:: DATA BLOCK ::

____________________

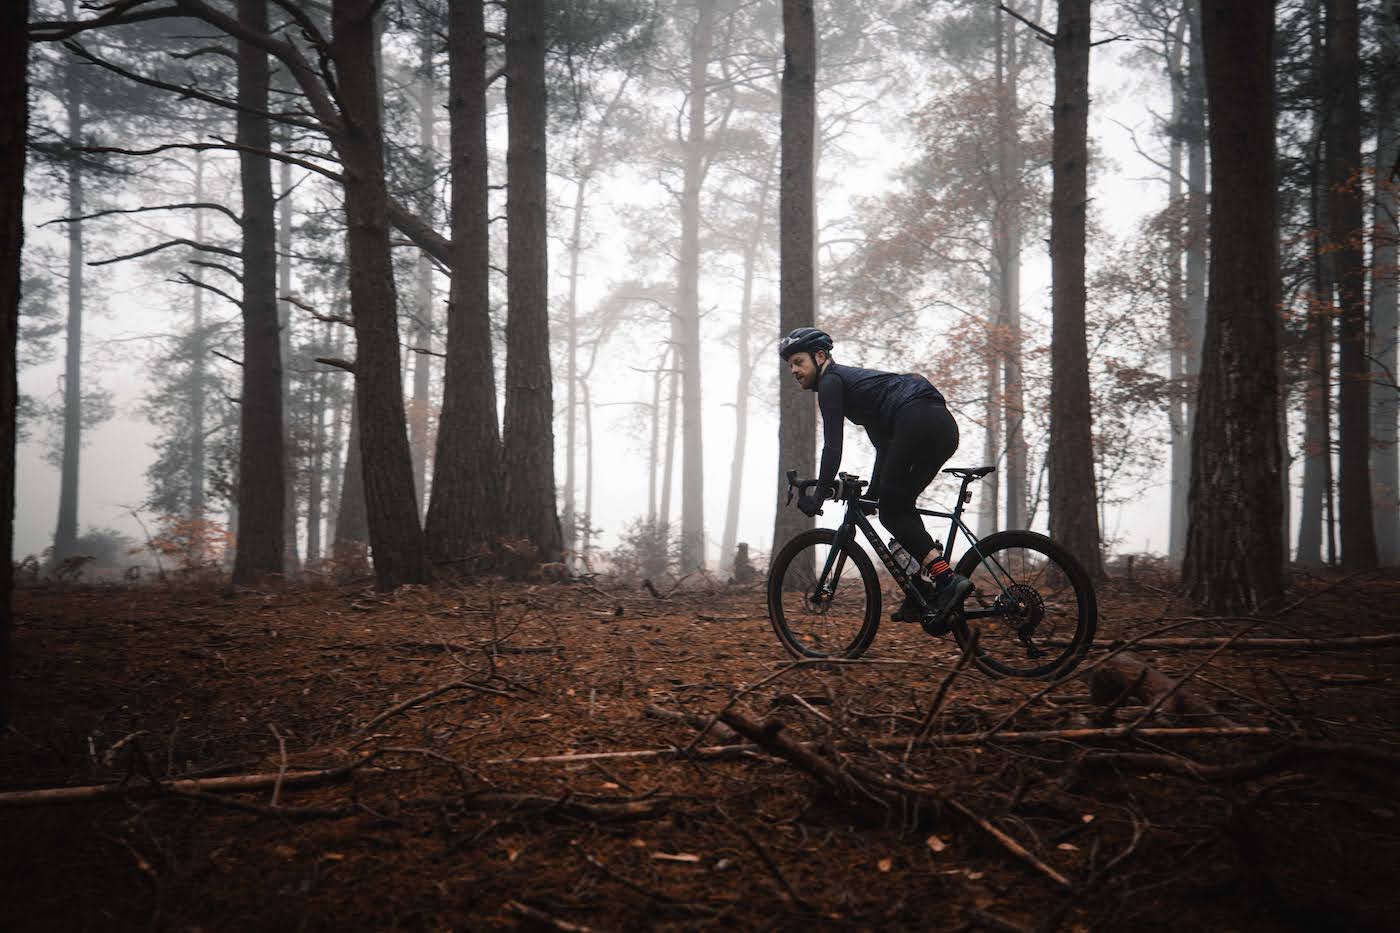 British cycling brand parcours launch ‘watts for trees’ initiative in partnership with ecologi
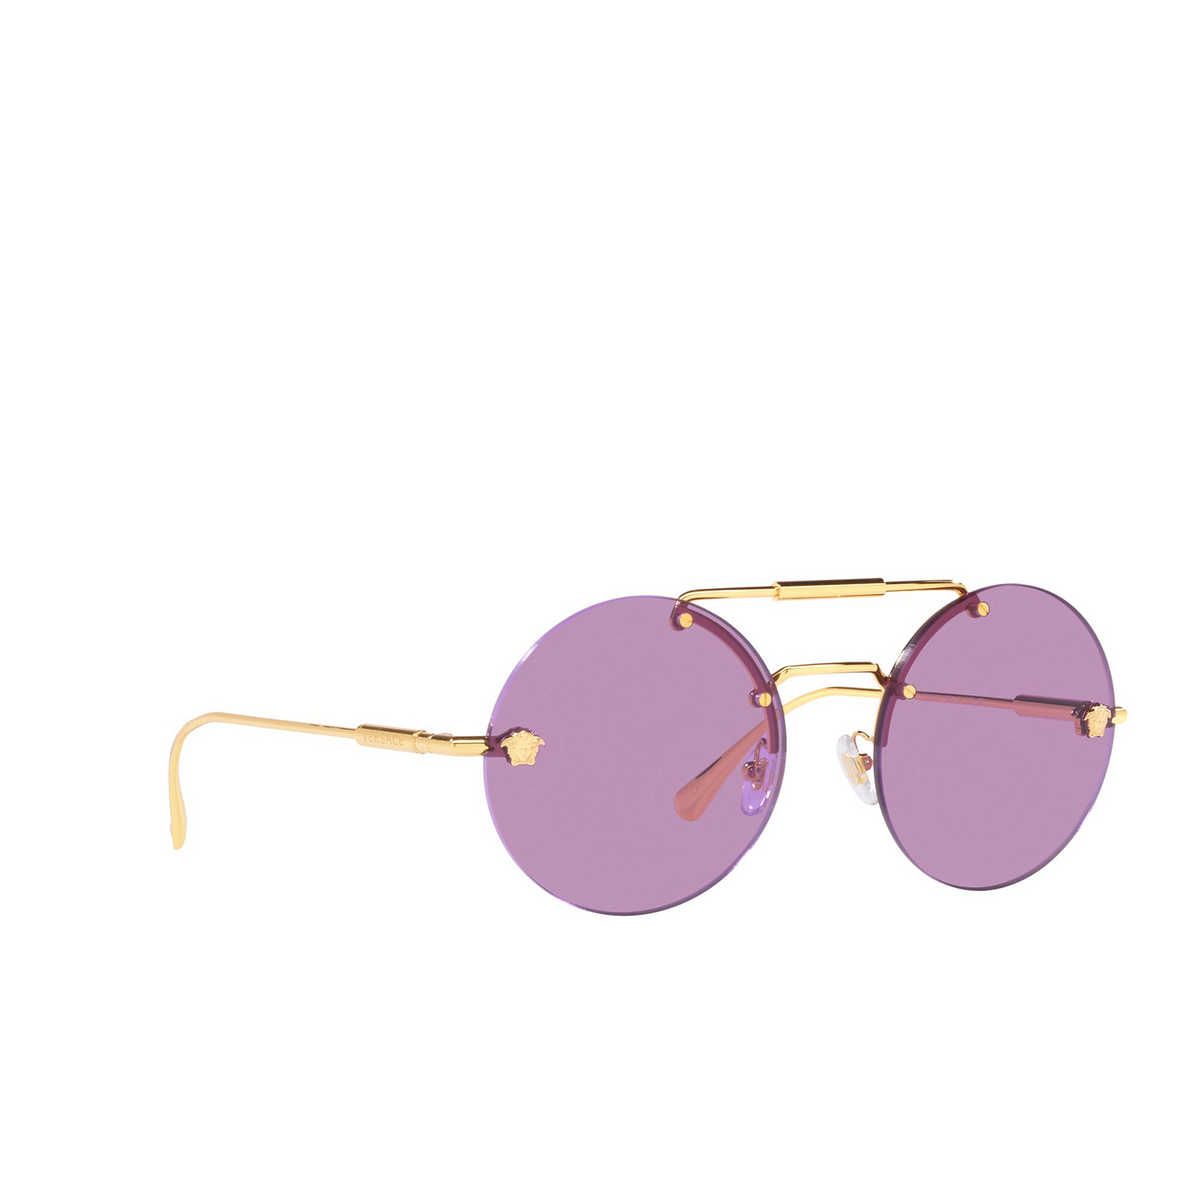 Versace® Round Sunglasses: VE2244 color Gold 100269 - three-quarters view.
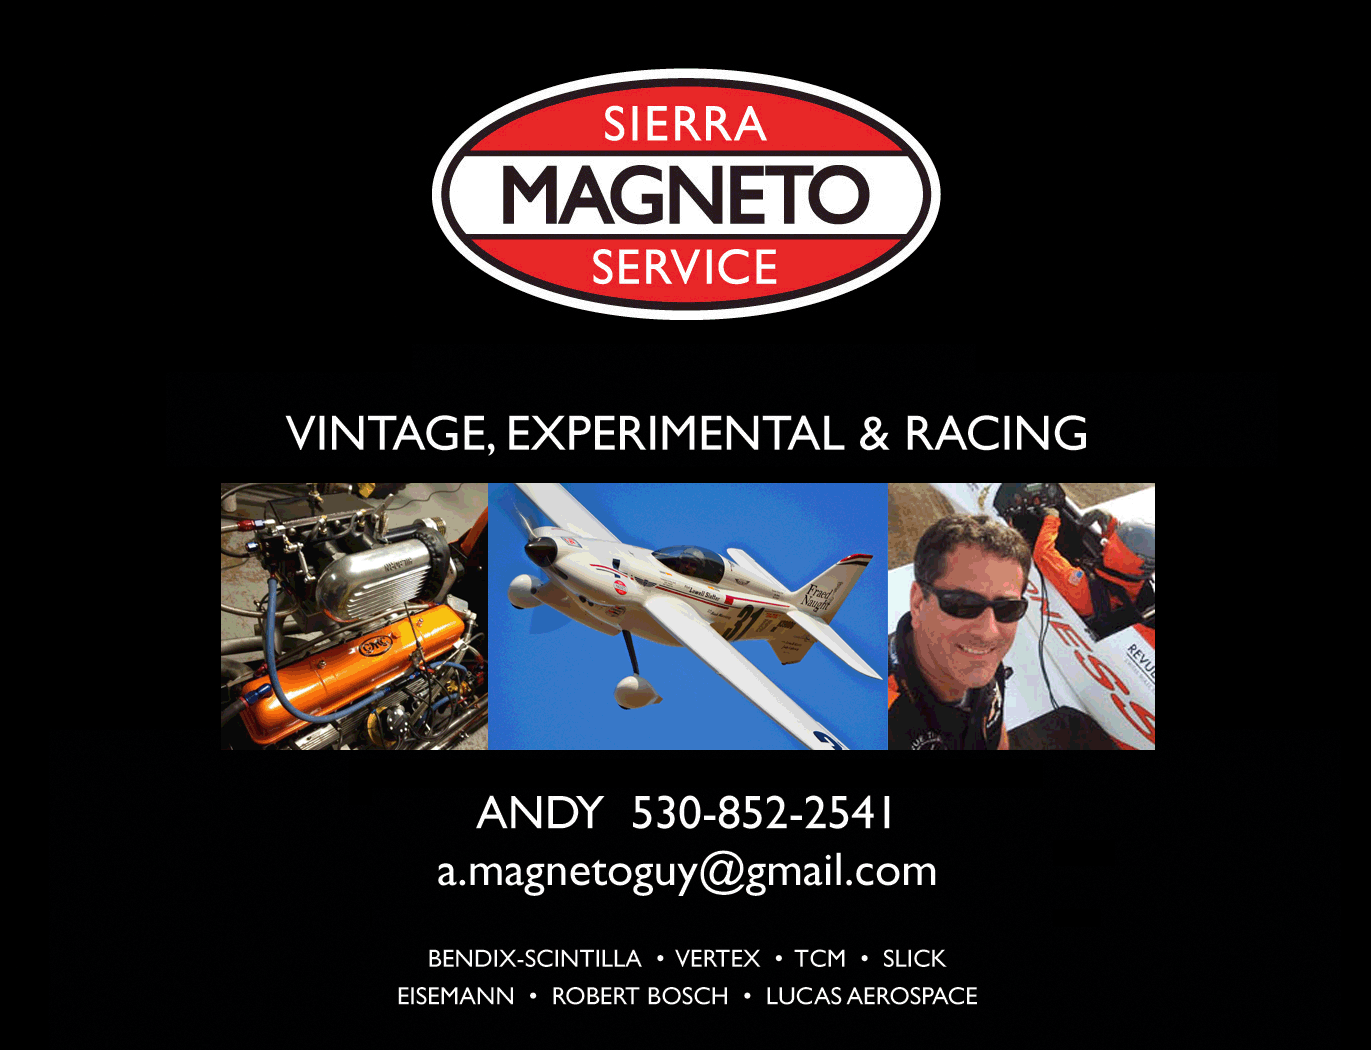 Sierra Magneto Service. Repair and restoration of vintage, experimental, and racing magnetos. Contact Andy at 530-852-2541. Or email a.magnetoguy@gmail.com. Servicing Bendix-Scintilla, Vertex, TCM, Slick, Eisemann, Robert Bosch, Lucas Aerospace, and more.

____________________

:: PROMPT ::
Your task is to retype exactly the lines that run from the line with "Versace® Round Sunglasses: VE2244" through the last line of the material, with the pictures left out.

:: WRITTEN ANSWER ::
 Versace® Round Sunglasses: VE2244 color Gold 100269 - three-quarters view.
 Sierra Magneto Service. Repair and restoration of vintage, experimental, and racing magnetos. Contact Andy at 530-852-2541. Or email a.magnetoguy@gmail.com. Servicing Bendix-Scintilla, Vertex, TCM, Slick, Eisemann, Robert Bosch, Lucas Aerospace, and more.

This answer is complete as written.